I just can’t take another vampire movie. When did Vampires stop being spirits of the damned and become moody teenagers? True, hanging out with the cast of Twilight is pretty close to being damned, but without the pleasant brimstone aroma therapy. Give me a Zombie any day. Zombies are reliable… ambling shuffle, limited vocabulary, and a strictly low-carb diet. Plus if you wade into a room full of Zombies with nothing more than a winning smile and a baseball bat, your odds of getting out alive are pretty good. So it’s good practice for your next IT project status meeting.
Lets be polite! The Zombies I’m talking about are the projects. Every year healthy projects turn into shambling Zombies. They’re as good as dead, yet they still wander around, killing programmer hours, taking over servers and gorging on your budget. When a Zombie causes racks up enough damage, you probably get a team together to put it down … but by then new Zombies area ready to take their place. Don’t wait until you have to start picking body parts off the board room floor, know your Zombies early on and take ‘em down as soon as possible. But how do you tell the difference between genuine Zombies and projects with temporary problems?
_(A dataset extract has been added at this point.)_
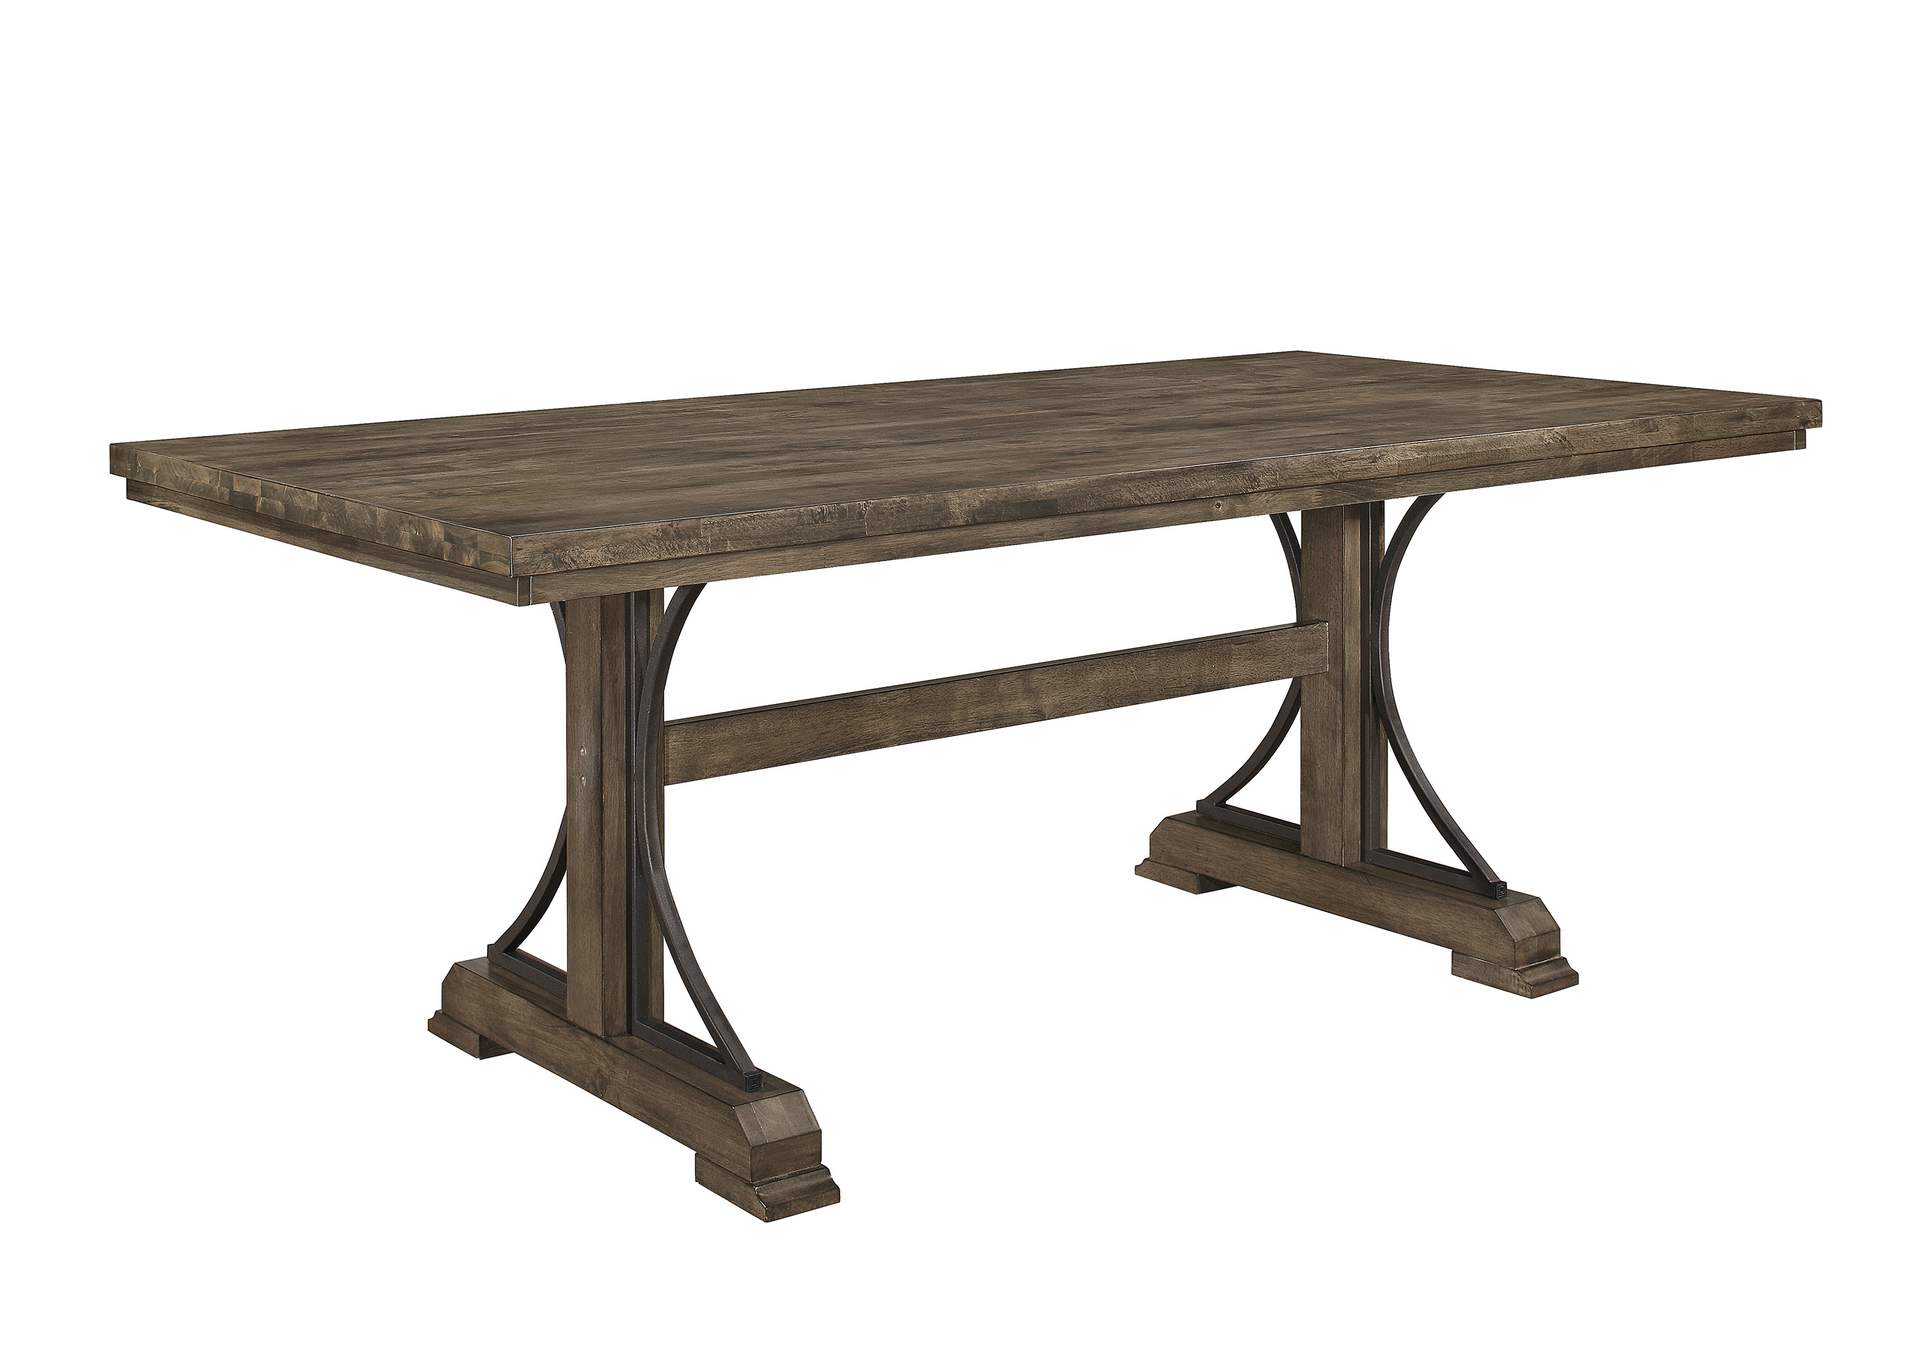 Quincy Rect Dining Table,Crown Mark

Remember, you’ve got a huge amount to gain. Out of your entire project budget, let’s say that 5-10% of the budget could be Zombies. If you could cut in half the time it takes to recognize the Zombies and kill them, you could free up 2 or 3 % of your budget, maybe more. Of course, you don’t want to go off on a hunt and kill off all of your C-Suite’s pet projects… that would be a real horror movie! You want to be sure that your Zombie is real. How can you be sure? Simple, you put together your own Zombie hunting guide. Here’s what you need to do:
- Draw up a list of all of your projects for the last 2-3 years.
- When was the start day (when was the project approved)?
- When was the end date (when did the project “go live” or get canceled)?
- Which went over budget?
- Which missed their going live deadline?
- Who was the project sponsor (who requested the project)?
- Which projects were poorly attended by the sponsor?
- After specifications were agreed to, how many changes were made?
- Perhaps a few other tracking ideas come to mind?
Do a little analysis and compare your known Zombies to successful projects. When did projects start to go Zombie? Once they became Zombies, just how many resources did they kill (did their unholy rampage last for a month, a year, longer?). Come up with your numbers on the cost of each Zombie, and then go through your project list. How many potential Zombies do you have? What will they cost? Unlike the guy in every Zombie movie that runs around telling everyone, “The Zombies are coming!”, start meeting with project sponsors and other managers to proactively review projects in danger of going Zombie. You may even be able to save projects that are on the Zombie path, due ot a lack of client time or direction. Either way, a solid process for tracking and killing Zombies will cut unneeded budget expenses and increase the number of successful project. What are you waiting for? Grab your favorite implement of destuction and start swinging! That’s my Niccolls worth for the day!